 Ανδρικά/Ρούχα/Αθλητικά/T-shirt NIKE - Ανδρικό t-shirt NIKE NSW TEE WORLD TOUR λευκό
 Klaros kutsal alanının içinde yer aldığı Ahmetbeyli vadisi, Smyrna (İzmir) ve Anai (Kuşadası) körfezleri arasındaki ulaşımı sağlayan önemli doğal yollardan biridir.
--
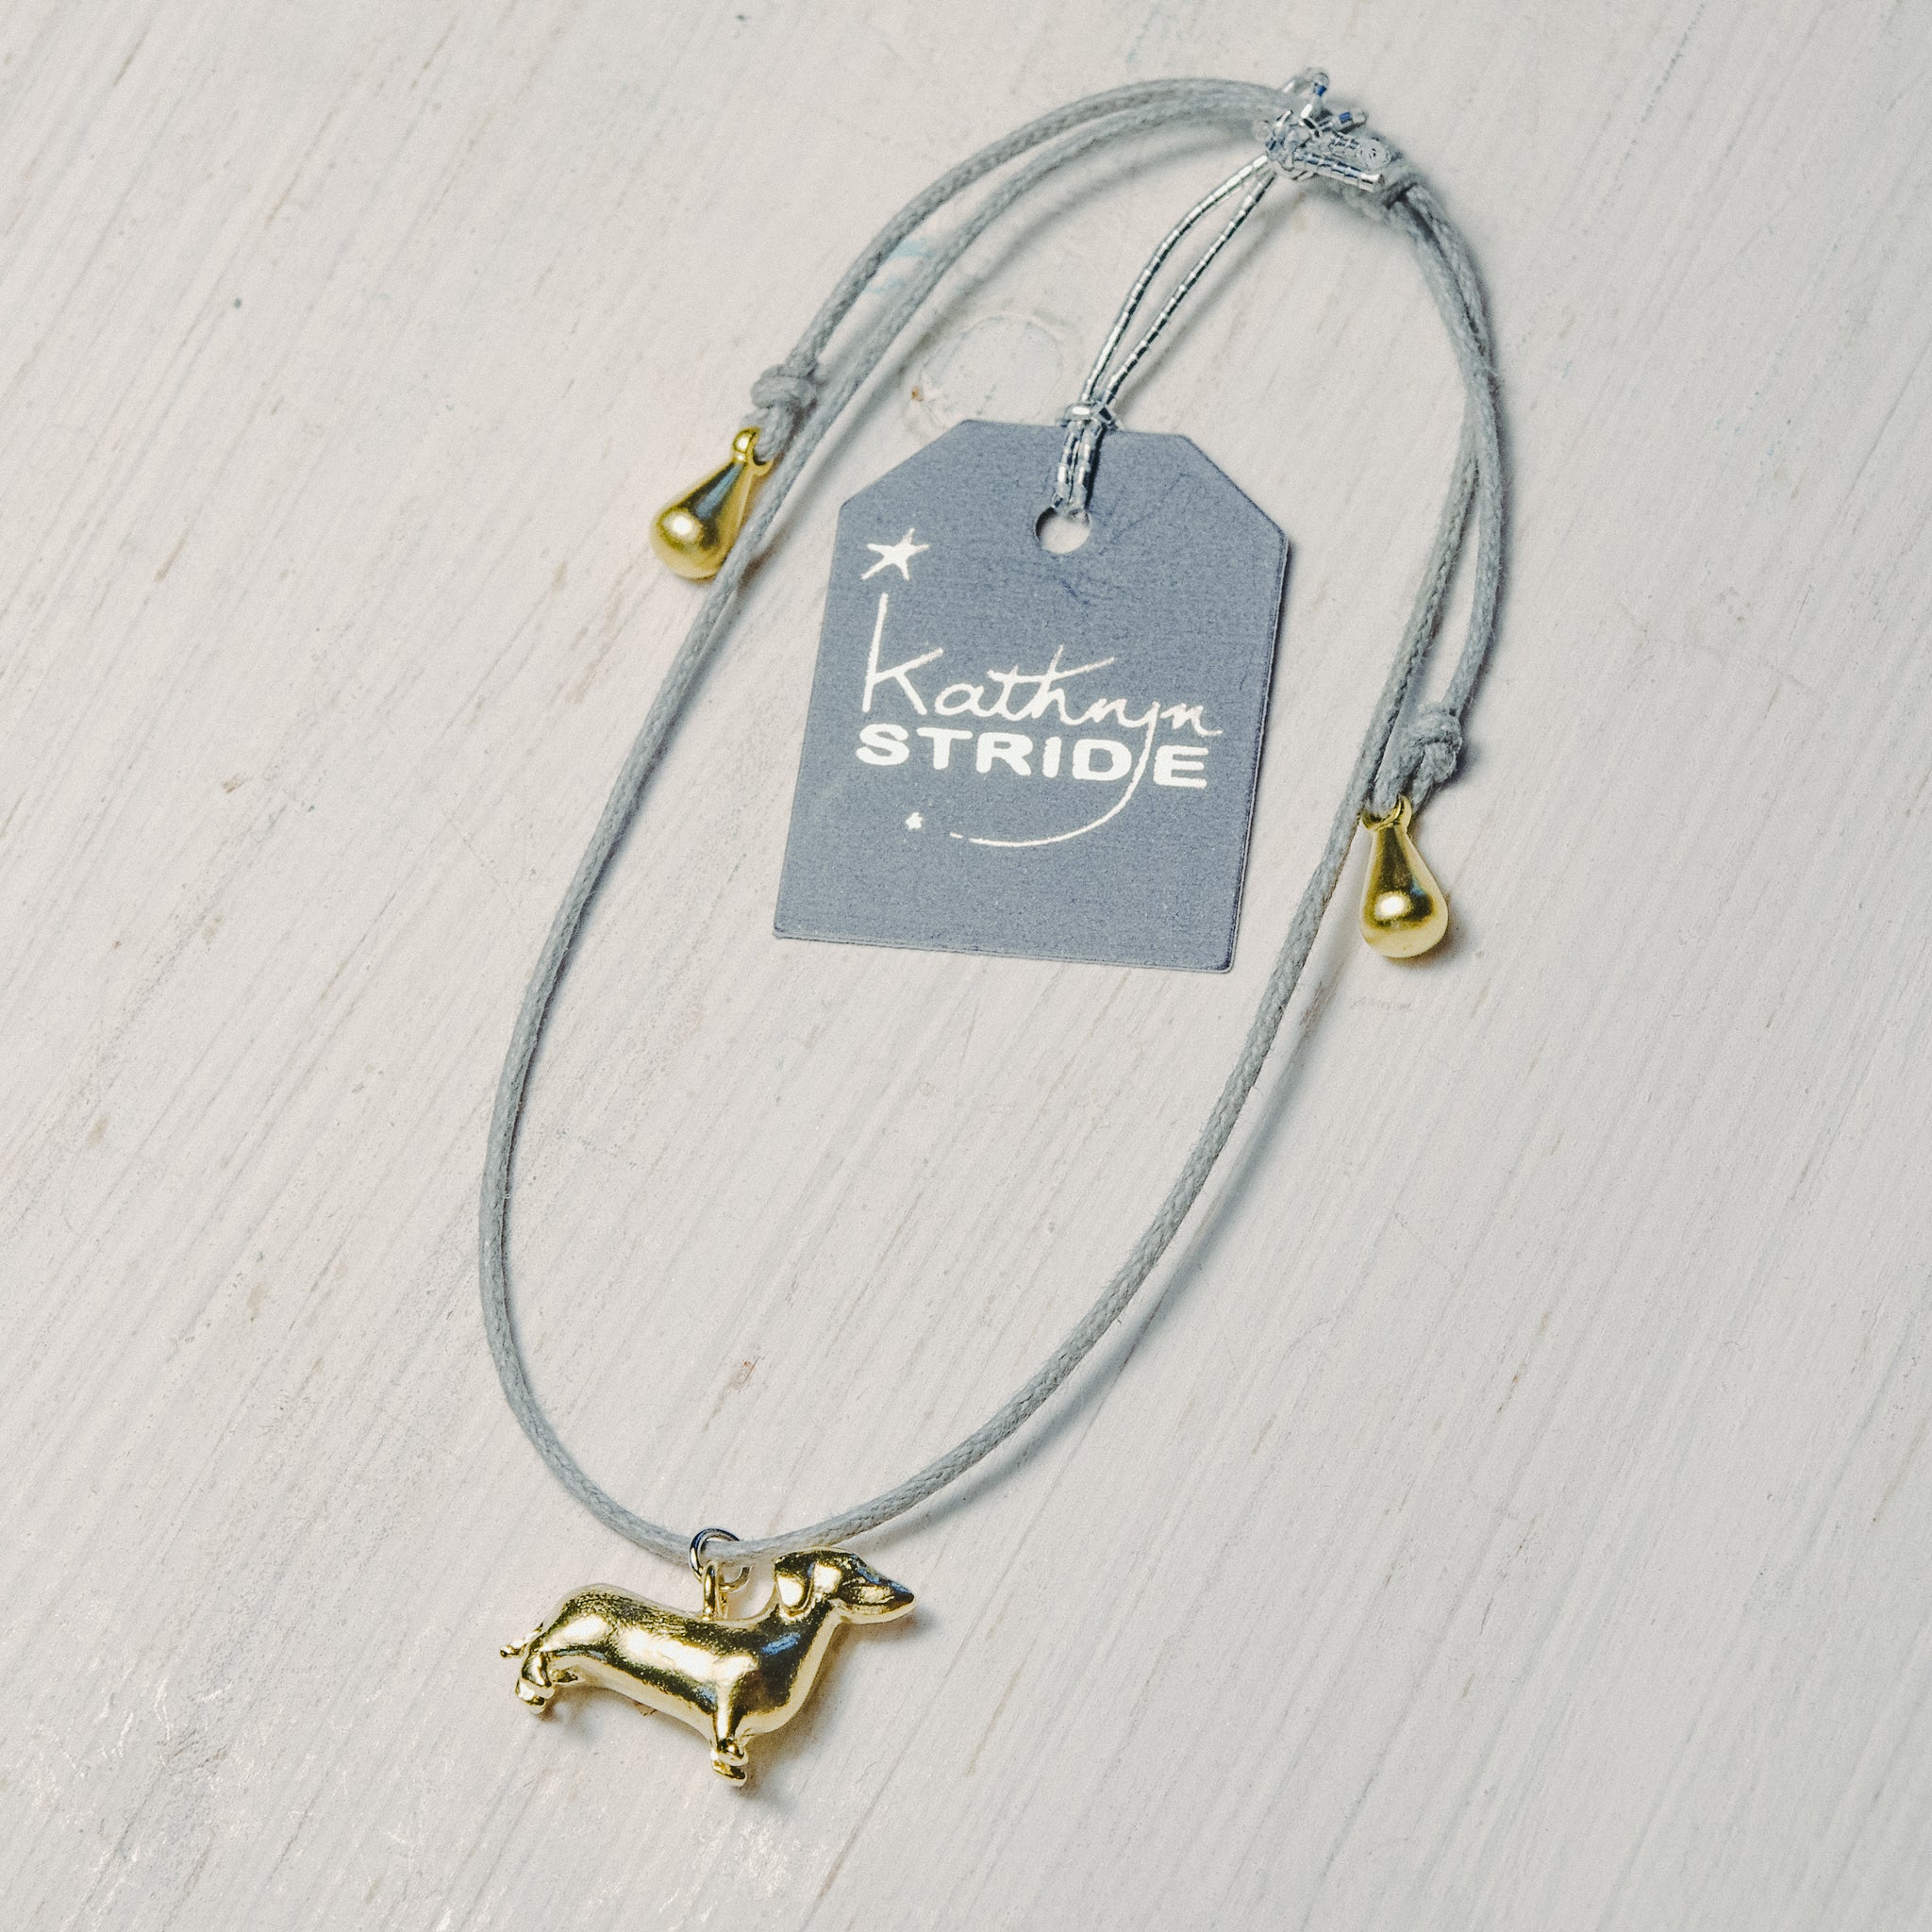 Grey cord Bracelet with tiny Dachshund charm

How to complete this task:
Within the material above, transcribe exactly the lines that run from the line holding "Ανδρικά/Ρούχα/Αθλητικά/T-shirt NIKE - Ανδρικό" through the line holding "Klaros kutsal alanının".

Finished task:
 Ανδρικά/Ρούχα/Αθλητικά/T-shirt NIKE - Ανδρικό t-shirt NIKE NSW TEE WORLD TOUR λευκό
 Klaros kutsal alanının içinde yer aldığı Ahmetbeyli vadisi, Smyrna (İzmir) ve Anai (Kuşadası) körfezleri arasındaki ulaşımı sağlayan önemli doğal yollardan biridir.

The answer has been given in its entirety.